Les dernières affiches de Yahya Jammeh se trouvent à Kanilaï, à deux heures de Banjul. Son village natal pleure ses largesses passées. Derrière un immense mur d'enceinte se cache tout son univers. Sa ferme, des maisons pour sa famille, un zoo... On n'en saura pas plus, c'est une forteresse bien gardée, d'autant qu'un impressionnant déploiement de troupes sénégalaises de la Cedeao est là pour la « sécuriser ». À côté, des femmes boivent le thé près de misérables maisonnettes en zinc.

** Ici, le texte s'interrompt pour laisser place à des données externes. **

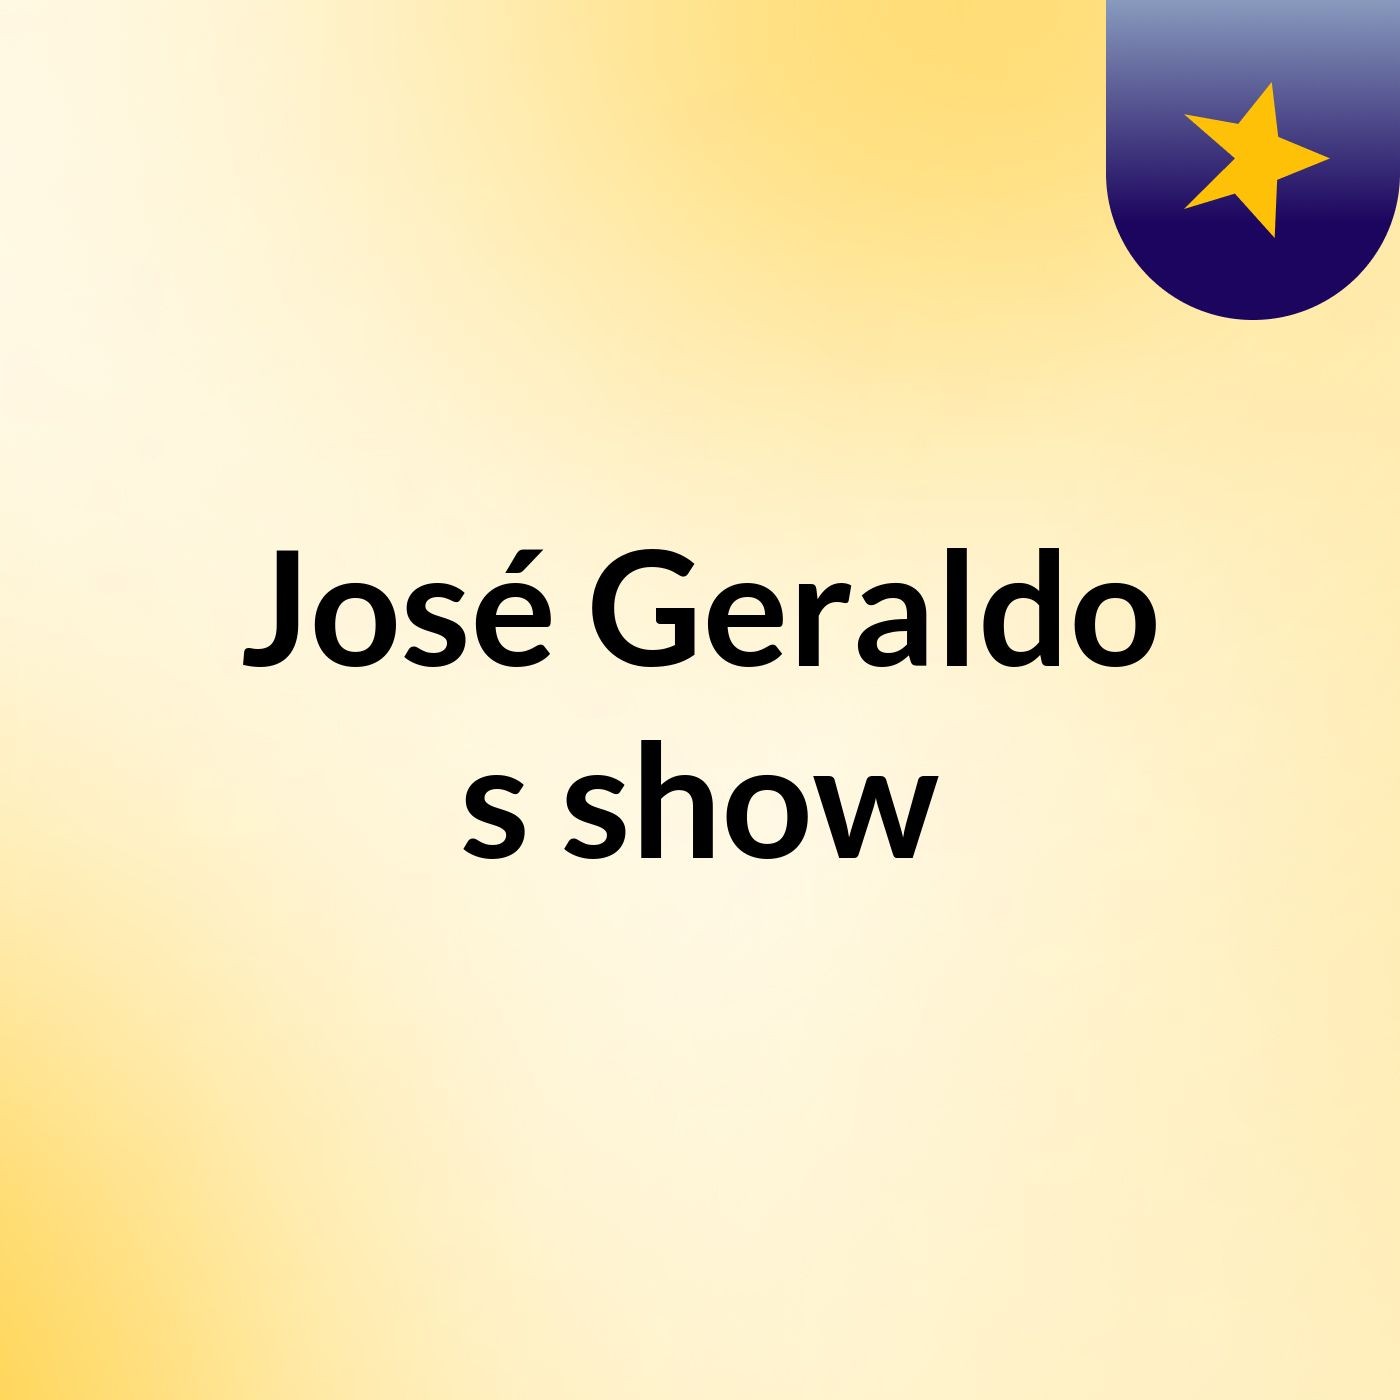 José Geraldo's show

Pas de tee-shirt « Gambia has decided » ici. Non, toutes portent des tee-shirts verts, arborant des photos de Yahya Jammeh dans son inénarrable boubou blanc, avec ses lunettes de soleil et son chéchia : « Un homme de paix et d'amour ». Sur l'un, il tient un Coran, sur l'autre, il conseille de « manger ce que vous cultivez, cultiver ce que vous mangez », sur le troisième, il brandit son éternel sceptre. « C'est un homme très généreux, il nous donne du riz, de l'huile, de l'argent, quand il vient, assure Binta. On va l'acclamer et il passe ça aux soldats pour nous. »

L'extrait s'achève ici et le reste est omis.